What this task involves. Could you repeat every line below exactly, skipping the images?

Dataset content.
···
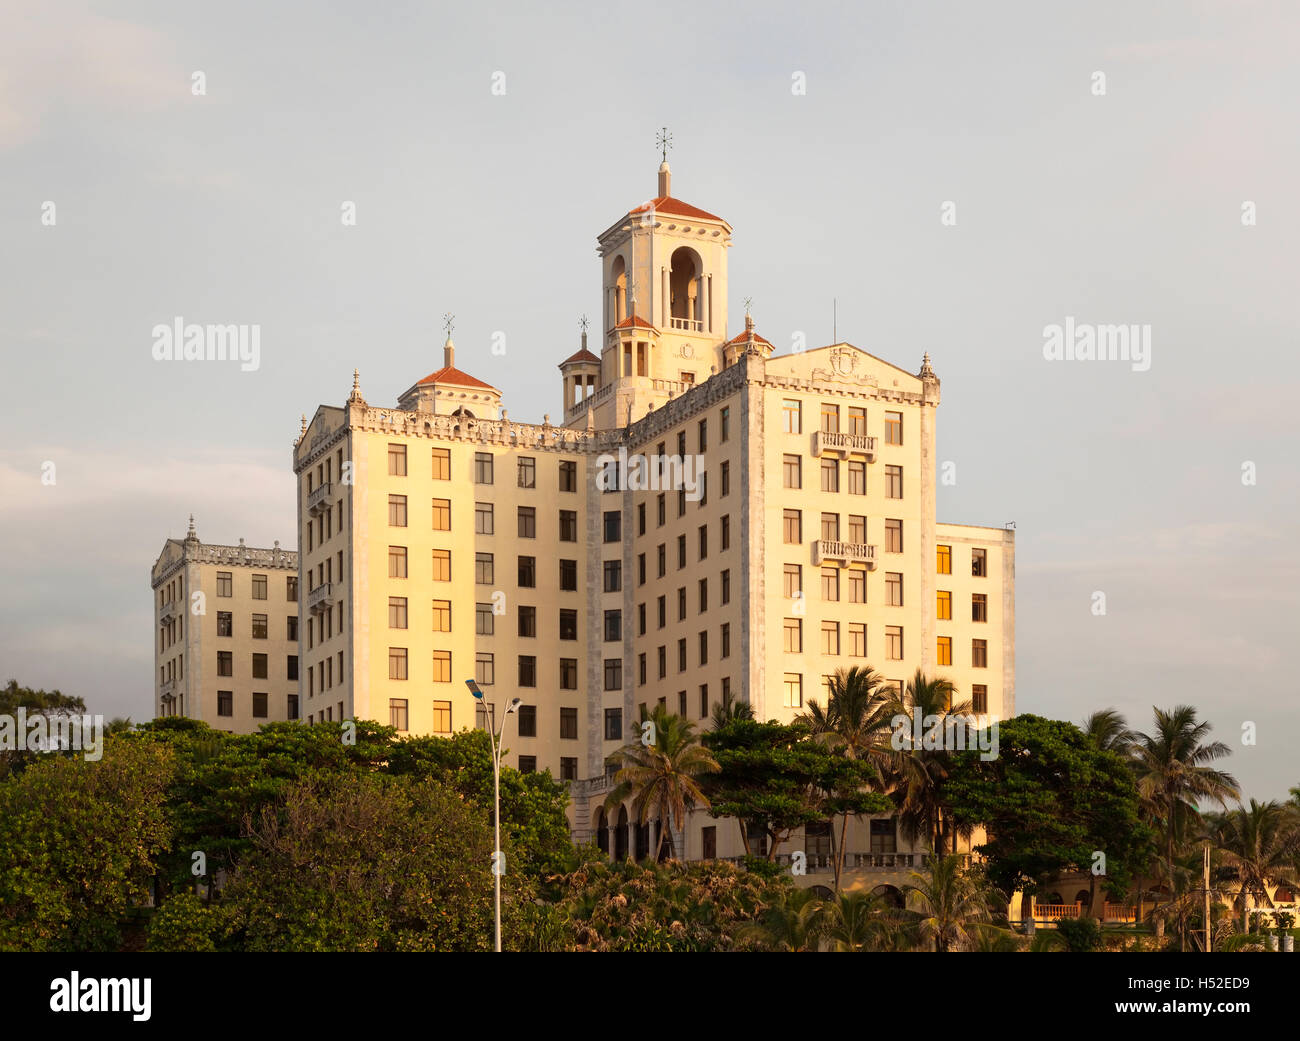 The Hotel Nacional de Cuba on top of Taganana Hill along The Malecón (Avenida de Maceo) in Vedado, Havana, Cuba. Stock Photo
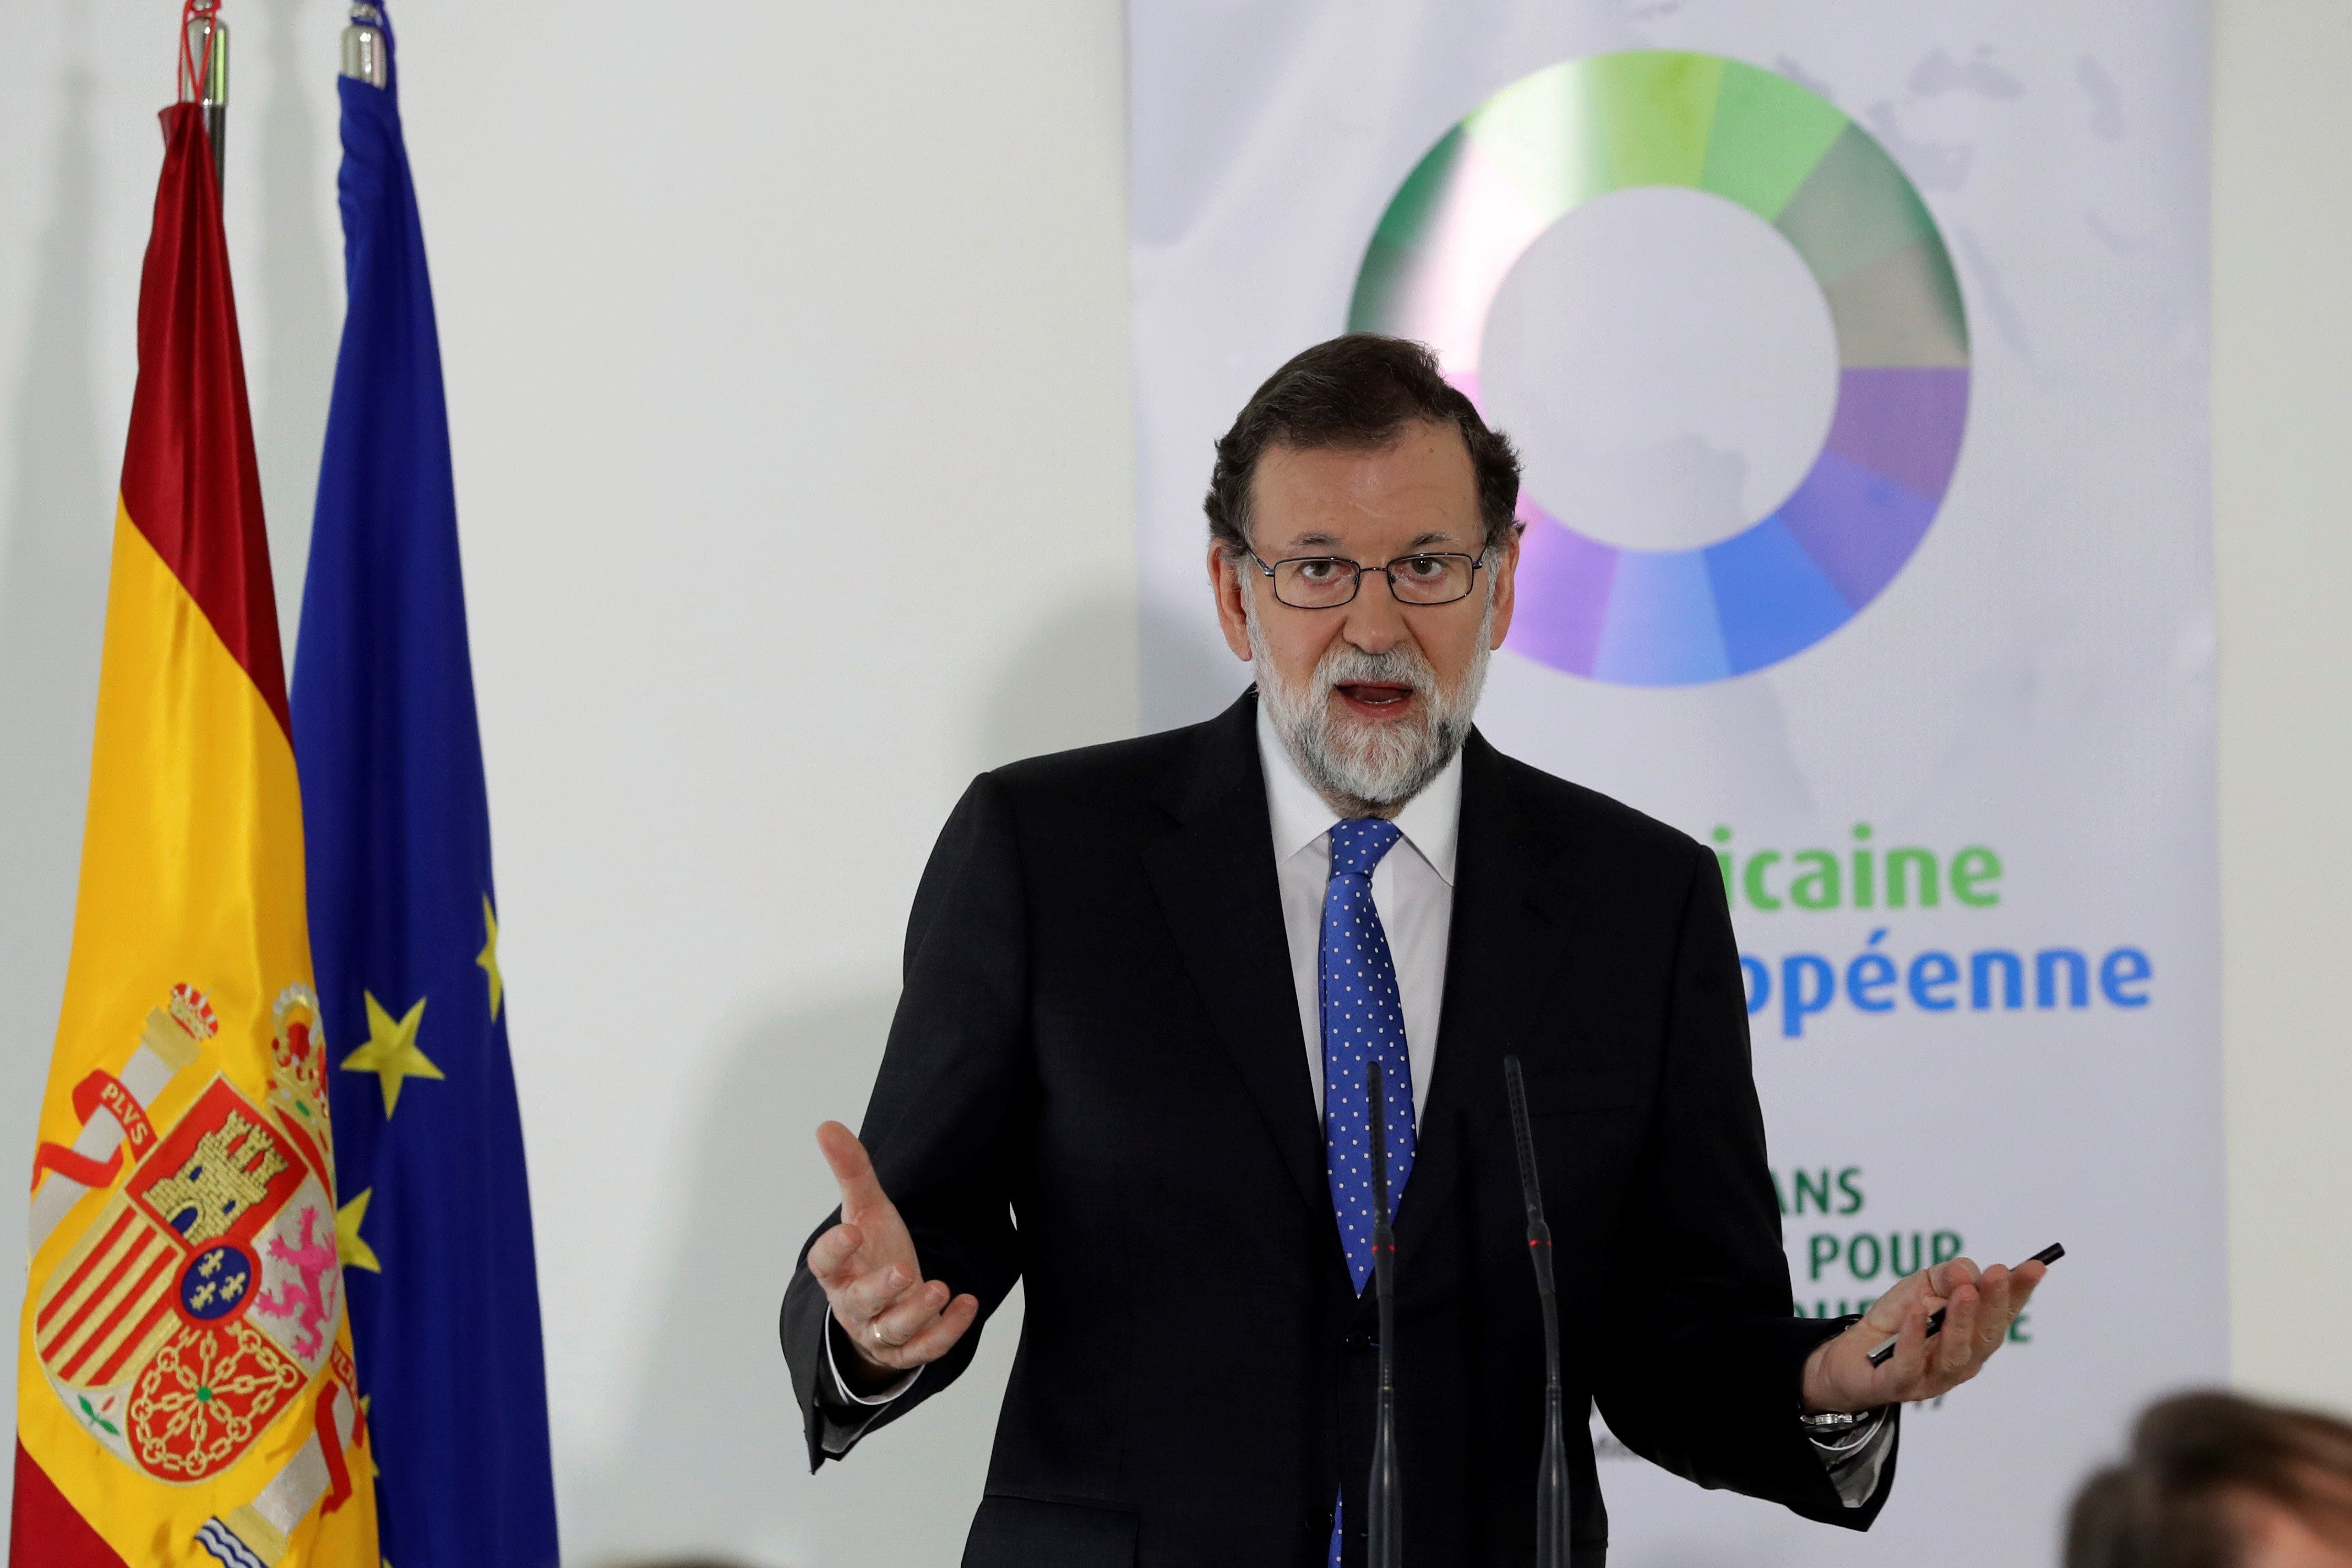 Rajoy respon a Iglesias sobre el recurs al 155: "És absurd"
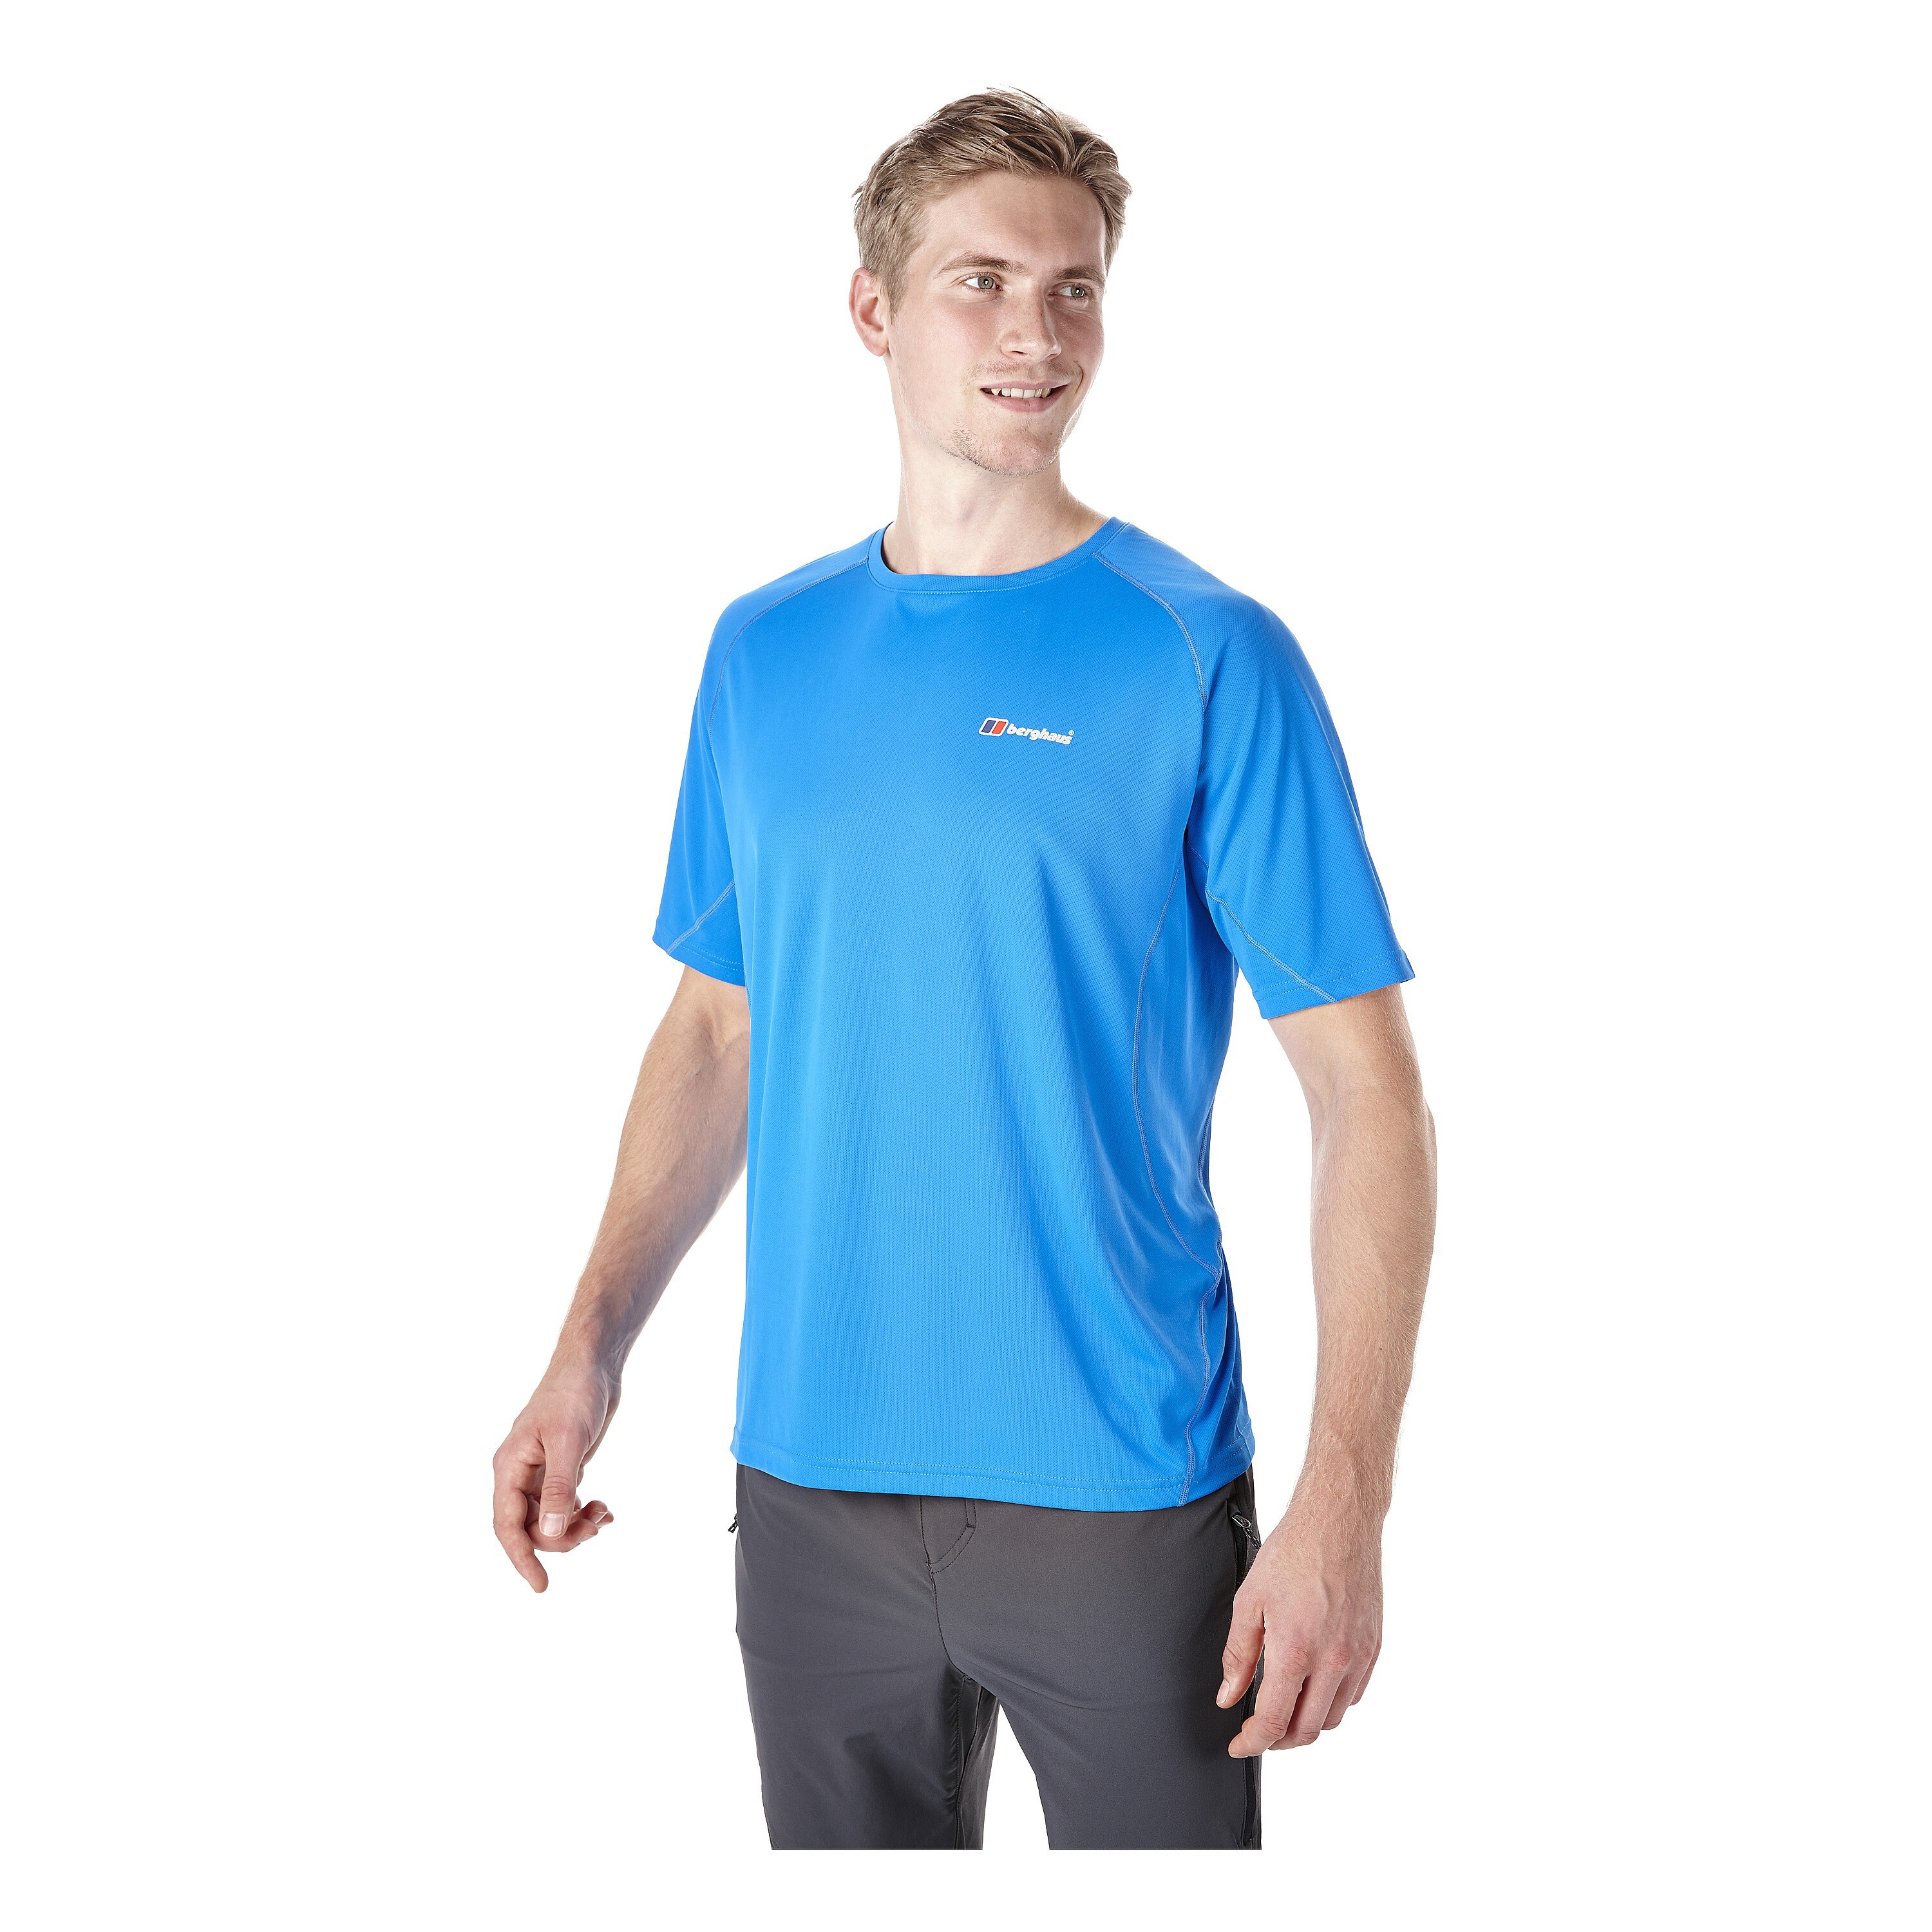 Berghaus T-Shirt Crew Neck Technical blue lemonade | Berghaus T-Shirt ...
···
Written answer.
 The Hotel Nacional de Cuba on top of Taganana Hill along The Malecón (Avenida de Maceo) in Vedado, Havana, Cuba. Stock Photo
 Rajoy respon a Iglesias sobre el recurs al 155: "És absurd"
 Berghaus T-Shirt Crew Neck Technical blue lemonade | Berghaus T-Shirt ...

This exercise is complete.